Start of Task inputs

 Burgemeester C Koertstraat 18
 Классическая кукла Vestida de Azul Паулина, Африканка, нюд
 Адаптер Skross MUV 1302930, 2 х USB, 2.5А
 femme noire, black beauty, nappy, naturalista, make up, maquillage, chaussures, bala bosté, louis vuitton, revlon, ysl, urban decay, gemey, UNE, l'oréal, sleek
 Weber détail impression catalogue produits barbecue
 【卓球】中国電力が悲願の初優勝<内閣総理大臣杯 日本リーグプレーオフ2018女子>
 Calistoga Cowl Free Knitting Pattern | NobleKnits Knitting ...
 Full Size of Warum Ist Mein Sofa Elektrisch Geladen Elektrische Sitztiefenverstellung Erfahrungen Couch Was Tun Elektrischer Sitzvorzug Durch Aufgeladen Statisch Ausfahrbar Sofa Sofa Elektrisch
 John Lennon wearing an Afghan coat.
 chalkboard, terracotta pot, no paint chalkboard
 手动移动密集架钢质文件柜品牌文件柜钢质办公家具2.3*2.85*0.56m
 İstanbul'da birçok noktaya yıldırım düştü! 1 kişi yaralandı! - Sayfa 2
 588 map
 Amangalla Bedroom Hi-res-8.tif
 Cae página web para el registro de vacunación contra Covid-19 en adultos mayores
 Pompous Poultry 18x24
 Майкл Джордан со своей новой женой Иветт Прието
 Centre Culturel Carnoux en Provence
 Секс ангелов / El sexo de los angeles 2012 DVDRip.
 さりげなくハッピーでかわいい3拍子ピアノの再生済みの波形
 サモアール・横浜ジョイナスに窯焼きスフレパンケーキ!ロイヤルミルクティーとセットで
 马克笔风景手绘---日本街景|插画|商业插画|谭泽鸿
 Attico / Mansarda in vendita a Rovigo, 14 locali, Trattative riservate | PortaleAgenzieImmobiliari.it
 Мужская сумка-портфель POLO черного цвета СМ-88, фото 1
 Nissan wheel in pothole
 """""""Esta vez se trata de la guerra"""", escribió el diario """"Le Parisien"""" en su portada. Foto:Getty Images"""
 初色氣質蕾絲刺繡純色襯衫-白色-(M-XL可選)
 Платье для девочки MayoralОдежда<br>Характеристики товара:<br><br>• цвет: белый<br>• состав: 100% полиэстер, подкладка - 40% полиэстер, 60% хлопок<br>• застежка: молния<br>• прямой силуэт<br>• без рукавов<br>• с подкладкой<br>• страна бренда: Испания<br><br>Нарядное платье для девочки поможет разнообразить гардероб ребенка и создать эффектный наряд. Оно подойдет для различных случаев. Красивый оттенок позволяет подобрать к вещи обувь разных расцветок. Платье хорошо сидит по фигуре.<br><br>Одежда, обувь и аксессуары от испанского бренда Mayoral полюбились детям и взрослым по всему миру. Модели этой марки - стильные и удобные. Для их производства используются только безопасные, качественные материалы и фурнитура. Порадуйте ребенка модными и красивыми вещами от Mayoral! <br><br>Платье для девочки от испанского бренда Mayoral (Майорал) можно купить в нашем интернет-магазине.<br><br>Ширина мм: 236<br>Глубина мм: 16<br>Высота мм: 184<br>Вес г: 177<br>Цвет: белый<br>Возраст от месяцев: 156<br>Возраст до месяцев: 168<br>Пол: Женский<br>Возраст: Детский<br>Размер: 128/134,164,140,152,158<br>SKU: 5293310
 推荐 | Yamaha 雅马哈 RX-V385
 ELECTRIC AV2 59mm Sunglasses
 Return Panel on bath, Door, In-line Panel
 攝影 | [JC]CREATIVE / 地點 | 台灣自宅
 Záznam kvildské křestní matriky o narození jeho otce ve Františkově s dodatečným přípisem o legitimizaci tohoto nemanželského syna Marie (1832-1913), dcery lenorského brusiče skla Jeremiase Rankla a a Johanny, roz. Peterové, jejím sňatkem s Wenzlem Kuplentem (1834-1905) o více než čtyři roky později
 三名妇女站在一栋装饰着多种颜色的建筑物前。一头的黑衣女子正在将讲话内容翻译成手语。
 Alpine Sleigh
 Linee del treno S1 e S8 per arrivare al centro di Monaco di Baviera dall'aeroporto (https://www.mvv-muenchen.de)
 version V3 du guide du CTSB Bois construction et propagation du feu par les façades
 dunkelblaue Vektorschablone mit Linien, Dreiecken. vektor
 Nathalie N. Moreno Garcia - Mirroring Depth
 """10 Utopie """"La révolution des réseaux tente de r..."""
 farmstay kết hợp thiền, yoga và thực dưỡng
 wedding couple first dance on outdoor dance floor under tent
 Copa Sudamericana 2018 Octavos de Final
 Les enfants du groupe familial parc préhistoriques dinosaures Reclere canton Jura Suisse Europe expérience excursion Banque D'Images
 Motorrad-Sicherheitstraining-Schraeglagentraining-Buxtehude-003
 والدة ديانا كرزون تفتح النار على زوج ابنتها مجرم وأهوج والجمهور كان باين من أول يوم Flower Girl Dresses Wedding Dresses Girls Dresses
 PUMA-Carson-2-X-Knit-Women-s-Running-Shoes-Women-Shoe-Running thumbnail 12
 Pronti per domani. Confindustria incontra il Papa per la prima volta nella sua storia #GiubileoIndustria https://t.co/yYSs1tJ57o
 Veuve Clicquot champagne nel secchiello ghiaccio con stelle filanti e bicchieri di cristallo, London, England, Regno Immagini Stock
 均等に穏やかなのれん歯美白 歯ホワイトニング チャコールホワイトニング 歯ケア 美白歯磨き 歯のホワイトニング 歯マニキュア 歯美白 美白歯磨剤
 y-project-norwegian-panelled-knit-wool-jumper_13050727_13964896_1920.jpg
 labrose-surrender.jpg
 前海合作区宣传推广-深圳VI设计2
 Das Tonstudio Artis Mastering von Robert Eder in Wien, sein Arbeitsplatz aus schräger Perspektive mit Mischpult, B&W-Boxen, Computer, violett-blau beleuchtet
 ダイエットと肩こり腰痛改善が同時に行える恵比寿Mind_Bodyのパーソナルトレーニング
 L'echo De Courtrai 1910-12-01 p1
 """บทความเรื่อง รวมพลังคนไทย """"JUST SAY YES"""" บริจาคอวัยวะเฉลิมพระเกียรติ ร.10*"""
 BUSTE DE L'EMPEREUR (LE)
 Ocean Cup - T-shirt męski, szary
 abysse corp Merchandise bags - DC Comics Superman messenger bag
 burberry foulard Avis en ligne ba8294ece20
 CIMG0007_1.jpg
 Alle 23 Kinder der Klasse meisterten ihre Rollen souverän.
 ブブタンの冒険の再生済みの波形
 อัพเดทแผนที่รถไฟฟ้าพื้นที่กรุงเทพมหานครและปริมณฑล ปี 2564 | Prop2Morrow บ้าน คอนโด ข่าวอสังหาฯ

End of Task inputs

> [What you need to do]:
Each line from the start of the listing through the line with "初色氣質蕾絲刺繡純色襯衫-白色-(M-XL可選)" is to be restated verbatim, both ends included.

> [Completed task]:
 Burgemeester C Koertstraat 18
 Классическая кукла Vestida de Azul Паулина, Африканка, нюд
 Адаптер Skross MUV 1302930, 2 х USB, 2.5А
 femme noire, black beauty, nappy, naturalista, make up, maquillage, chaussures, bala bosté, louis vuitton, revlon, ysl, urban decay, gemey, UNE, l'oréal, sleek
 Weber détail impression catalogue produits barbecue
 【卓球】中国電力が悲願の初優勝<内閣総理大臣杯 日本リーグプレーオフ2018女子>
 Calistoga Cowl Free Knitting Pattern | NobleKnits Knitting ...
 Full Size of Warum Ist Mein Sofa Elektrisch Geladen Elektrische Sitztiefenverstellung Erfahrungen Couch Was Tun Elektrischer Sitzvorzug Durch Aufgeladen Statisch Ausfahrbar Sofa Sofa Elektrisch
 John Lennon wearing an Afghan coat.
 chalkboard, terracotta pot, no paint chalkboard
 手动移动密集架钢质文件柜品牌文件柜钢质办公家具2.3*2.85*0.56m
 İstanbul'da birçok noktaya yıldırım düştü! 1 kişi yaralandı! - Sayfa 2
 588 map
 Amangalla Bedroom Hi-res-8.tif
 Cae página web para el registro de vacunación contra Covid-19 en adultos mayores
 Pompous Poultry 18x24
 Майкл Джордан со своей новой женой Иветт Прието
 Centre Culturel Carnoux en Provence
 Секс ангелов / El sexo de los angeles 2012 DVDRip.
 さりげなくハッピーでかわいい3拍子ピアノの再生済みの波形
 サモアール・横浜ジョイナスに窯焼きスフレパンケーキ!ロイヤルミルクティーとセットで
 马克笔风景手绘---日本街景|插画|商业插画|谭泽鸿
 Attico / Mansarda in vendita a Rovigo, 14 locali, Trattative riservate | PortaleAgenzieImmobiliari.it
 Мужская сумка-портфель POLO черного цвета СМ-88, фото 1
 Nissan wheel in pothole
 """""""Esta vez se trata de la guerra"""", escribió el diario """"Le Parisien"""" en su portada. Foto:Getty Images"""
 初色氣質蕾絲刺繡純色襯衫-白色-(M-XL可選)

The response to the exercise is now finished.